Updated: 1 month ago
As the situation continues to unfold, we are seeing a deluge of information across the internet — with much of the good and practical content being drowned out in the noise. At the same time, many people seem to not understand the gravity of the situation, whether that’s due to a lack of information or not having seen the math presented clearly.
We aren’t scientists ourselves (well, Travis is), but the blog gets more annual traffic than the world’s busiest airport, and we want to help everyone be as safe and informed as possible. So here’s what we know so far, and we’ll continue updating this guide with resources and details from reputable and evidence-based sources.
We’ll have a separate page with the impacts to travel and various policies, but having info about the virus itself in one place is helpful in not having to rehash all the health info each time we post something related.
The most important takeaway we have right now is that you should not wait for your local government to provide direction or information. Bureaucracies are slow to respond in general, the U.S. Federal government seems to be seizing every opportunity to make things worse, and some of the most effective measures right now can be executed by individuals, businesses, and communities, without government intervention.
What is Coronavirus?
Coronavirus is a specific type of virus, named such for the way the virus appears under a microscope, that often causes respiratory disease in infected individuals. The common cold (some strains) are another example of coronaviruses, but the “COVID-19” strain is a new and unique virus that humanity has not previously experienced, nor built up any immunity to.
The good news is that it is possible for a virus to burn itself out — if it runs out of people to infect, we’ll see a reduction in cases. This ultimately happened with the SARS outbreak, and we have not seen any new cases of that virus since 2004.
Science suggests that it is possible for the COVID-19 virus to be controlled, and to limit the social and economic effects of the outbreak, but it will take an immediate and concerted global effort.
Stop saying it’s “just the flu”
Despite the comparisons, the novel COVID-19 Coronavirus is not the same as the flu. While there are some overlapping symptoms (more on those below), COVID-19 currently has a far greater societal risk than the flu.
- COVID-19 is more contagious than the flu, with each person who catches COVID-19 infecting at least two more, versus fewer than one for the flu
- This coronavirus is a full order of magnitude worse than the flu — the current fatality rate is 10x that of the flu
- April 21st note: Be cautious of the serological studies coming out of California (which feature problematic methodologies and have not been peer-reviewed), where the fatality rate seems promisingly low, and in direct contrast to the actual death toll in New York City
- A higher percentage of COVID-19 patients require hospitalization than with the seasonal flu, and in a shortened time window (in the next 3-6 weeks, versus the typical 3-6 month flu season)

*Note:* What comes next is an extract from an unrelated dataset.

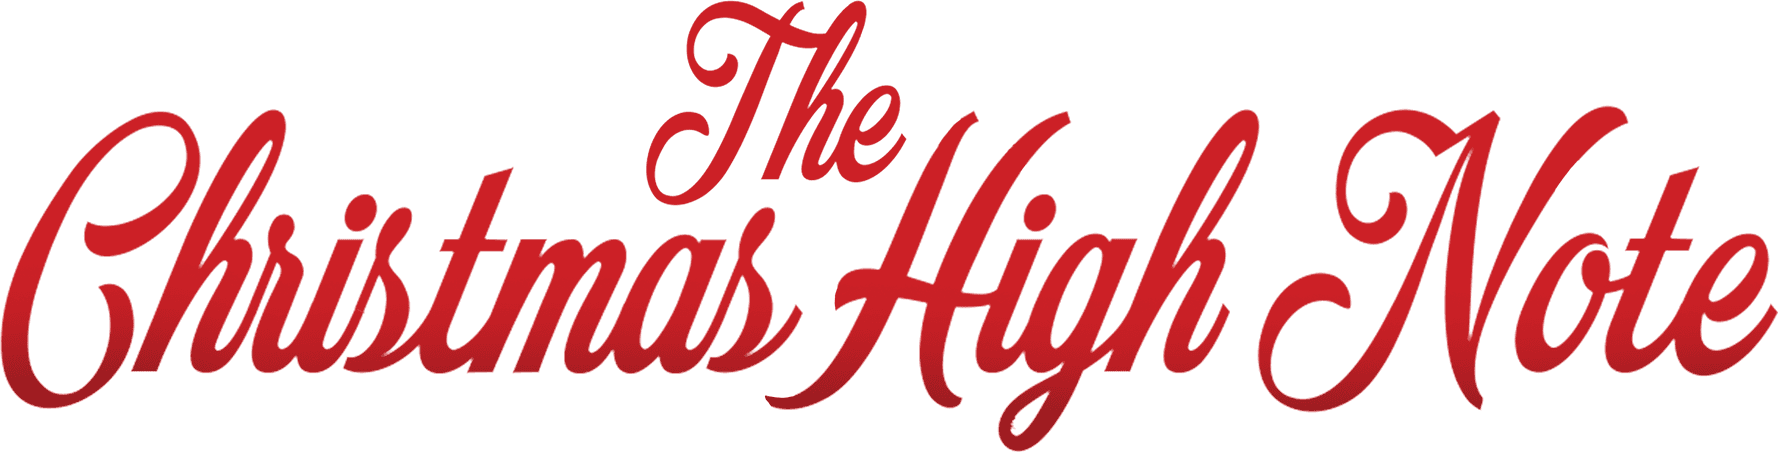 The Christmas High Note logo

- While the flu vaccine isn’t always terribly effective (ranging from 30%-60% each year), there is a flu vaccine at all — we are at least a year away from one for this coronavirus
- We have antivirals for the flu, such as Tamiflu, that can shorten the duration and severity of the infection — no such medicine exists for COVID-19
The good news is that for the majority people, this coronavirus is mild, and can be managed without hospitalization. But because of how contagious it is, the percentage of people who will require medical intervention is enough to overwhelm most communities, and the fatality rate is high enough to be devastating.
COVID-19 is not the flu.
Countries with Coronavirus
COVID-19 is now a global pandemic. While the map of confirmed cases is constantly changing, and is subject to the ability of governments to test and report data, it is reasonable to assume that all countries potentially have this coronavirus within their borders.
In the days and weeks ahead, we expect to see the number of cases, the number of deaths, and the number of affected countries climb even higher.
WHO has been assessing this outbreak around the clock and we are deeply concerned both by the alarming levels of spread and severity, and by the alarming levels of inaction.
We have therefore made the assessment that COVID-19 can be characterized as a pandemic.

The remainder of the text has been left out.